(DIRECTIONS FOR THIS TASK)
Your job is to set down the listing again exactly as it stands.

(THE RECORDS)
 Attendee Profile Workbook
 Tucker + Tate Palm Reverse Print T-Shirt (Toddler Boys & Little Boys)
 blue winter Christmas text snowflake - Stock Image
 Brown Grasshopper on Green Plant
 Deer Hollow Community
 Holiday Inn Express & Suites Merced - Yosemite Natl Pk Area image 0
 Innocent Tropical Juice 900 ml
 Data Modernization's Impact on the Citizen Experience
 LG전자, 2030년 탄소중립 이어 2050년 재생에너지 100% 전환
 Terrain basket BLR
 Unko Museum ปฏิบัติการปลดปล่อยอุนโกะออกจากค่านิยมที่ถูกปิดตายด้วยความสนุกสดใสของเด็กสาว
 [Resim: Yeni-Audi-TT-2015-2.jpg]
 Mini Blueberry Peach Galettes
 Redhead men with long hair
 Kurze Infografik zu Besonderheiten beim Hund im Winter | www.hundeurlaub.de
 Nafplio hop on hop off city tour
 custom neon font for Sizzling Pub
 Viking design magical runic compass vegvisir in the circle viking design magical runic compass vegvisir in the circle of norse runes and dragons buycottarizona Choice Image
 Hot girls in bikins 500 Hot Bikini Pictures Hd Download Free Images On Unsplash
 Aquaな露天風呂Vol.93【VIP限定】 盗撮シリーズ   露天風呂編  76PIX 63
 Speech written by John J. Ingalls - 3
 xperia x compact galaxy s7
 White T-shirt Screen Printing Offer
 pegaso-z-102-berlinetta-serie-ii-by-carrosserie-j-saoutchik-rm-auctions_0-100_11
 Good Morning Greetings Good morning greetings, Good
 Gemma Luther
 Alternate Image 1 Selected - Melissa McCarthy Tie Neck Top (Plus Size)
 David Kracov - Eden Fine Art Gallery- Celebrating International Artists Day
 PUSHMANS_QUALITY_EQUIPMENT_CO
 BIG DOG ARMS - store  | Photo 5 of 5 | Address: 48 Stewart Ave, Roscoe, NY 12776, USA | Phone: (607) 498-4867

(TASK ANSWER)
 Attendee Profile Workbook
 Tucker + Tate Palm Reverse Print T-Shirt (Toddler Boys & Little Boys)
 blue winter Christmas text snowflake - Stock Image
 Brown Grasshopper on Green Plant
 Deer Hollow Community
 Holiday Inn Express & Suites Merced - Yosemite Natl Pk Area image 0
 Innocent Tropical Juice 900 ml
 Data Modernization's Impact on the Citizen Experience
 LG전자, 2030년 탄소중립 이어 2050년 재생에너지 100% 전환
 Terrain basket BLR
 Unko Museum ปฏิบัติการปลดปล่อยอุนโกะออกจากค่านิยมที่ถูกปิดตายด้วยความสนุกสดใสของเด็กสาว
 [Resim: Yeni-Audi-TT-2015-2.jpg]
 Mini Blueberry Peach Galettes
 Redhead men with long hair
 Kurze Infografik zu Besonderheiten beim Hund im Winter | www.hundeurlaub.de
 Nafplio hop on hop off city tour
 custom neon font for Sizzling Pub
 Viking design magical runic compass vegvisir in the circle viking design magical runic compass vegvisir in the circle of norse runes and dragons buycottarizona Choice Image
 Hot girls in bikins 500 Hot Bikini Pictures Hd Download Free Images On Unsplash
 Aquaな露天風呂Vol.93【VIP限定】 盗撮シリーズ   露天風呂編  76PIX 63
 Speech written by John J. Ingalls - 3
 xperia x compact galaxy s7
 White T-shirt Screen Printing Offer
 pegaso-z-102-berlinetta-serie-ii-by-carrosserie-j-saoutchik-rm-auctions_0-100_11
 Good Morning Greetings Good morning greetings, Good
 Gemma Luther
 Alternate Image 1 Selected - Melissa McCarthy Tie Neck Top (Plus Size)
 David Kracov - Eden Fine Art Gallery- Celebrating International Artists Day
 PUSHMANS_QUALITY_EQUIPMENT_CO
 BIG DOG ARMS - store  | Photo 5 of 5 | Address: 48 Stewart Ave, Roscoe, NY 12776, USA | Phone: (607) 498-4867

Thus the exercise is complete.